The release last week of a human rights manifesto signed by hundreds of mainland scholars, lawyers and ex-officials has prompted a stern response from Chinese authorities who have jailed one signer and contacted dozens.

Charter 08, which takes its title and inspiration from the “Charter 77” document that demanded rights for Czechoslovakia in 1977, called for an extensive list of rights in China, including free speech, freedom to form political parties, an independent legal system and direct elections. The 4,000-word document was released during a time of several sensitive anniversaries, including 100 years after the promulgation of China’s first constitution, 60 years after the adoption of the Universal Declaration of Human Rights and 30 years after Beijing’s “Democracy Wall” movement. The charter was first signed by 303 intellectuals living in China, a number that has since grown to more than 3,000.

On December 8, the day before Charter 08 was posted on a U.S.-based Chinese web site, Beijing police arrested Liu Xiaobo, a dissident and one of the document’s authors and signers.

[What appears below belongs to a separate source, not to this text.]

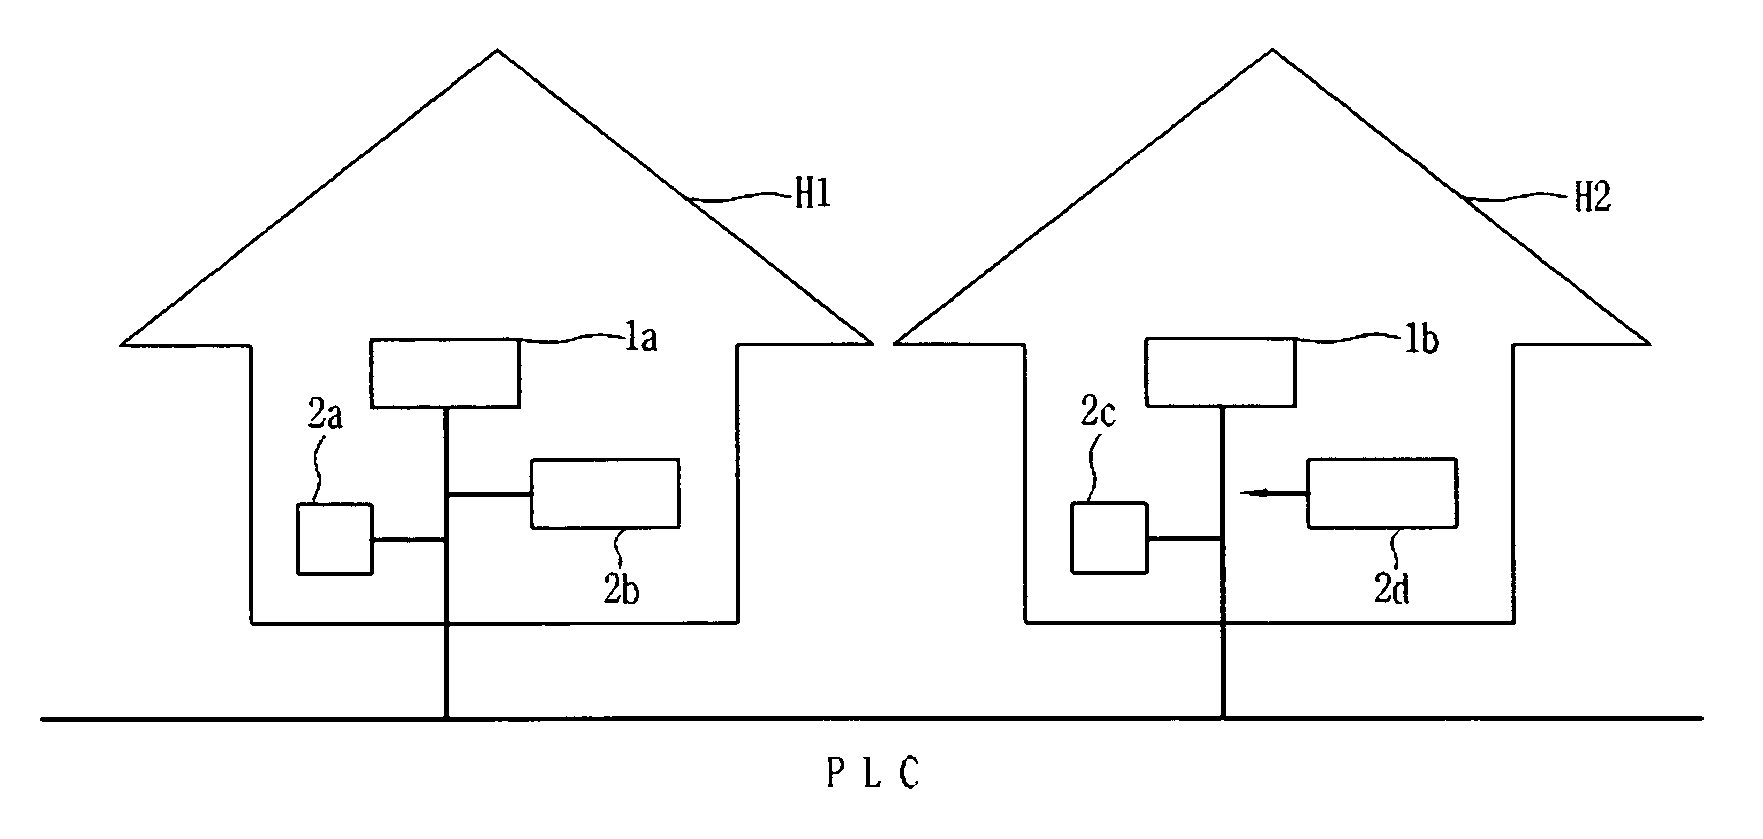 Home code setting method for home network system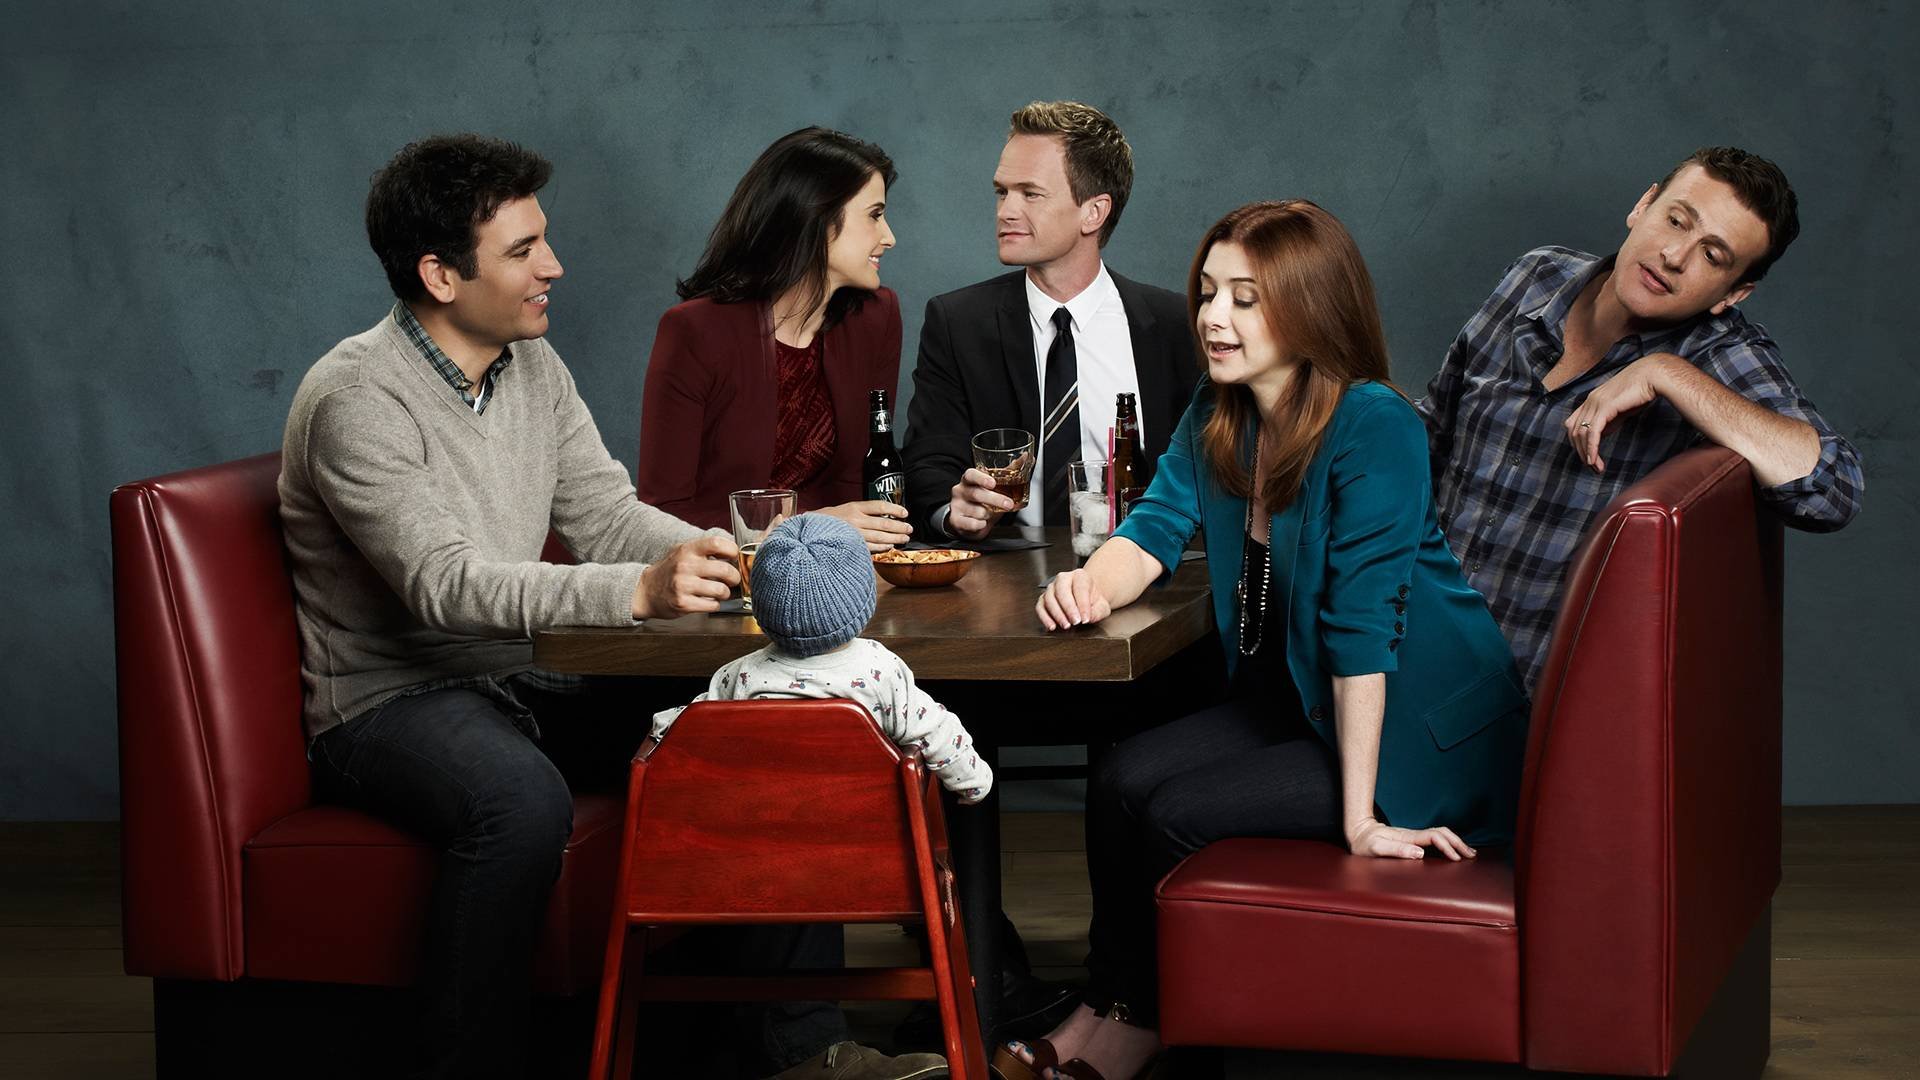 how i met your mother, Comedy, Sitcom, Series, Television, How, Met, Mother,  2 Wallpaper

His lawyer, Mo Shaoping, says Liu is still being held incommunicado over a week later, and police have not revealed his whereabouts. Liu’s supporters fear he could be charged with the offense of “inciting subversion of state power.” Beijing-based activist Hu Jia was convicted of the same in April and sentenced to three and a half years in prison.

U.S. State Department spokesman Sean McCormack said last week that Washington was “deeply concerned by reports that Chinese citizens have been detained, interrogated and harassed” since the document’s publishing, and was “particularly concerned about the well being of Liu Xiaobo.” Chinese Foreign Ministry spokesman Liu Jianchao told journalists on Dec. 16 that the U.S. position was another example of an unwelcome “interference of other nations in China’s internal affairs.”

At least 39 signatories in Beijing, Shanghai and eight provinces have been questioned, trailed or had their movements restricted by police, says the Chinese Human Rights Defenders, an activist group. “This is a big thing, if only measuring by the reaction of the authorities,” says Nicholas Bequelin, a Hong Kong-based researcher for the group Human Rights Watch. “One thing the [Communist] Party is very worried about is to have the loyalty of the intellectuals and the academics.”

The document has reignited a debate that has recently bubbled through the commentary pages of Chinese newspapers over the nature of “universal values.” Opinion writers have argued whether pluralism is a western creation with limited application to China, or a political ideal for all nations. Columnist Sima Nan wrote on his blog that the charter was a dangerous attempt to promote a Chinese “color revolution,” referring to pro-democracy movements in Ukraine and Georgia.

Bao Tong, a former assistant to purged Communist Party Secretary Zhao Ziyang and one of the charter’s signers, acknowledged that it backed western values, but said that China had relied on similar ideas for reform in the past. “If studying the West is illegal, then we should arrest the people talking about the market economy, because that comes from the West,” he says. “We should arrest the Communist Party, because political parties come from the West.”

Bao, who is now retired and lives under close state scrutiny, says the charter had been compiled over several months with the input of several people who offered suggestions and revisions. It was still being revised when the arrest of Liu prompted its early release. Bao accused the authorities of arresting Liu to intimidate others who might encourage political reform. “If signing the charter is illegal, then all us 300 plus have broken the law,” he says. “It’s nonsense.”

The timing of the charter’s release is sensitive not just because of the significant anniversaries this year, but because the global economic slowdown has increased the potential for political unrest in China. Thousands of factories in the south have closed, and demonstrations by workers over unpaid wages have become a frequent scene in the regions of the country that have been driving China’s double-digit growth. China’s exports dropped last month for the first time in seven years, and as many as 9 million migrant workers are estimated to be returning home due to the slowdown. The World Bank and others say growth next year could drop to below 8%, a number that the government needs to maintain to prevent a destabilizing level of unemployment. Economists warn that even if China makes its 2009 targets, the first half of the year could see much slower growth than the second. And while this year’s sensitive anniversaries will be past, next June will mark another, the 20th anniversary of the 1989 Tiananmen crackdown.